Tonight at yoga class, when it came to the images in my head, I couldn’t even get onto the beach that is my safe space during meditation. There was a giant blocking the way. Or perhaps an enormous, overgrown child. “Who are you?” I said. But there was no reply. There was also no getting past, and so in my mind, I disappeared into Anna and Marnie’s world, instead. And there I met another internal character I hadn’t come across before. She was a mysterious (but light-hearted), dark-haired shape-shifter. She kept transforming both herself, and the objects around her. And when I asked her who she was, she replied in just the sort of tone with which Marnie sometimes affectionately teased Anna, and said: ‘I’m you, silly!’ .
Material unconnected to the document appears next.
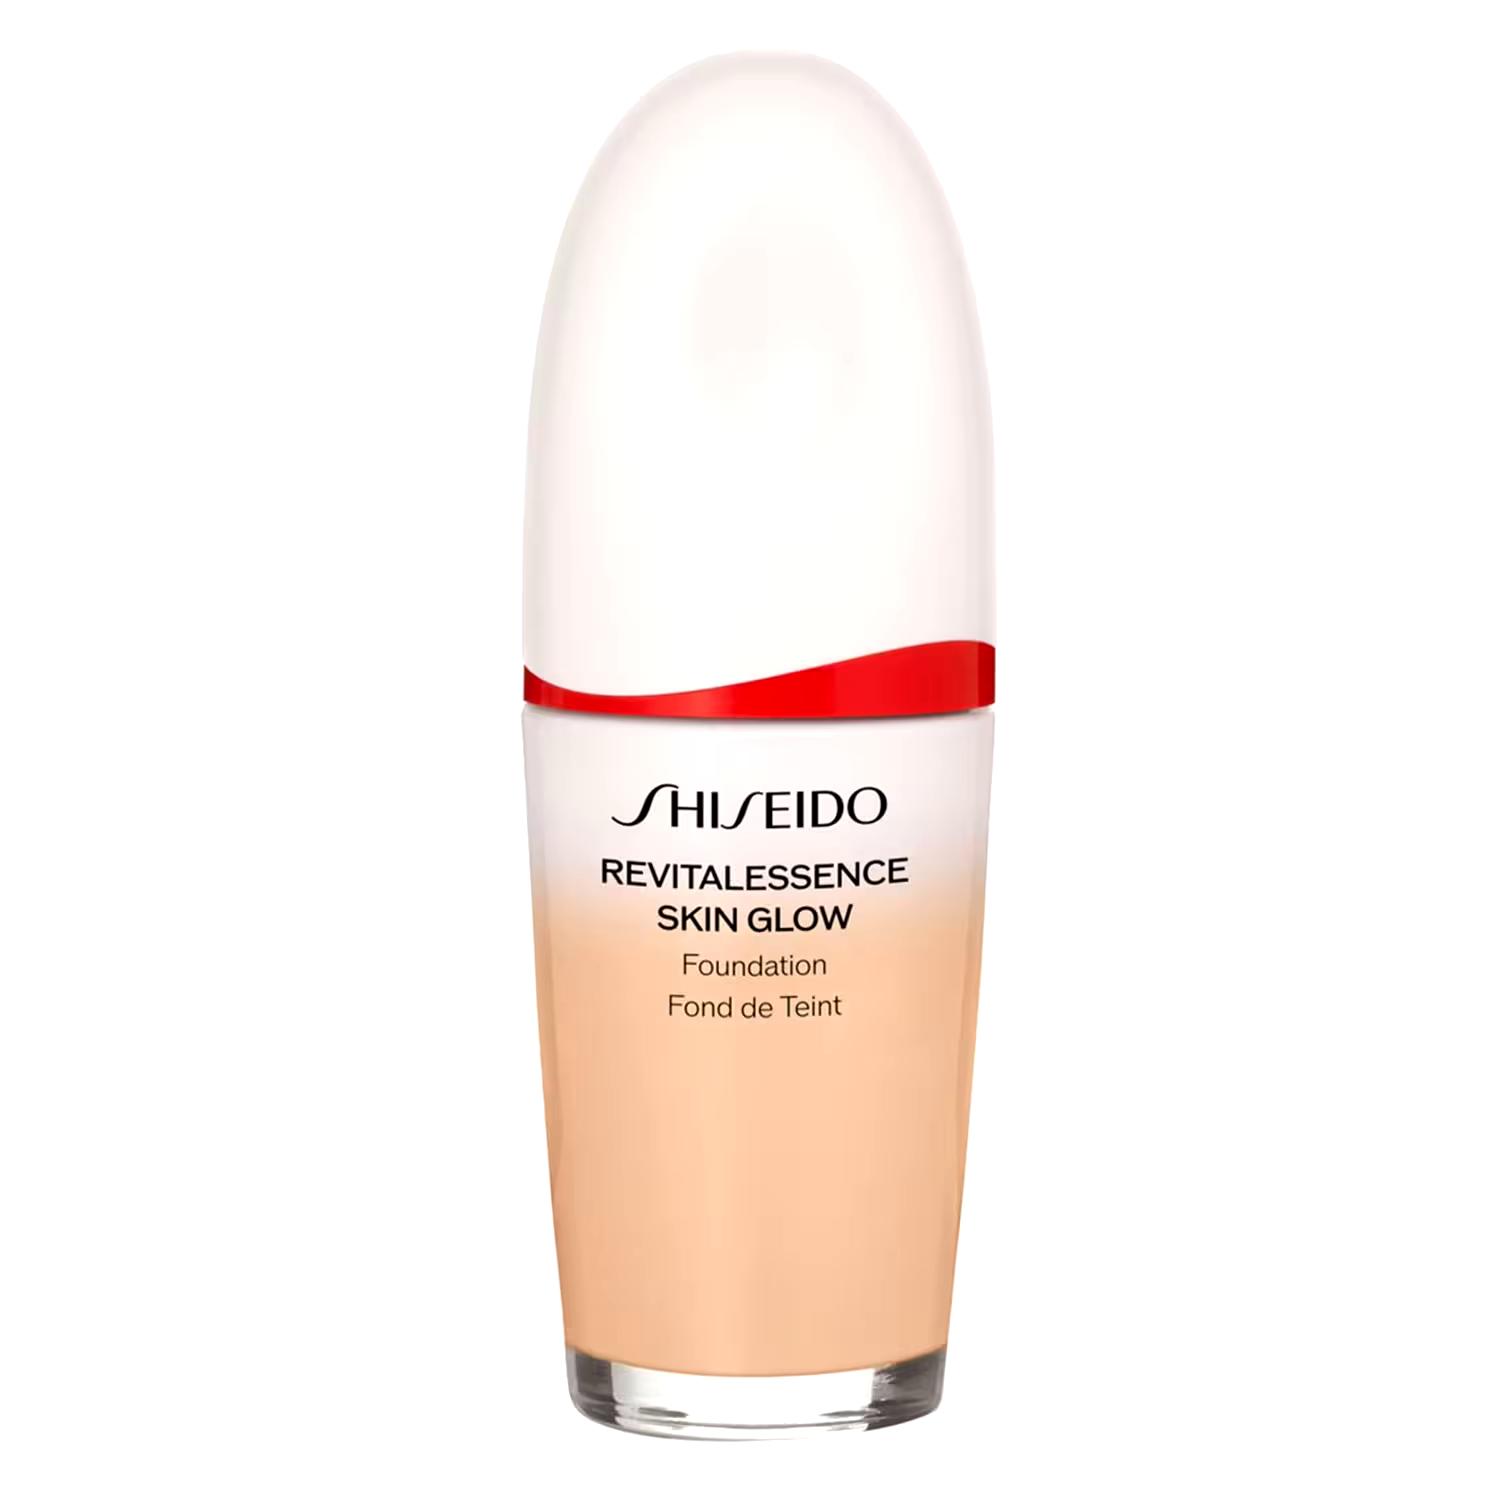 Shiseido Revitalessence Skin Glow Foundation, 30 ml

I should have asked her why she didn’t just make the overgrown child disappear in the way that she herself kept vanishing. Instead I thought that she was a strange sort of comfort, though not around long enough, at any one time or in any one form, to put her arms around me, like you used to do when you entered my daydreams.  

***

For some reason, the end of the film ‘Predestination’, comes to mind. I think it is because earlier today I really wanted to send my therapist a brief email to tell her that I miss her. If Marnie (from ‘When Marnie was there’) plays a role a little like that of a therapist, so too does the Bartender in ‘Predestination’. In both cases, issues of identity and relationship with self, define the main characters. Memory, time, re-experiencing, parts of ourselves – all of these are important, in both stories. A present experience of the past becomes a powerful transformation for the future, in which the past is re-experienced differently.

The film ends with these words:

“Can we change our futures? I don’t know. The only thing I know for sure is that you are the best thing that’s ever happened to me. I miss you dreadfully”.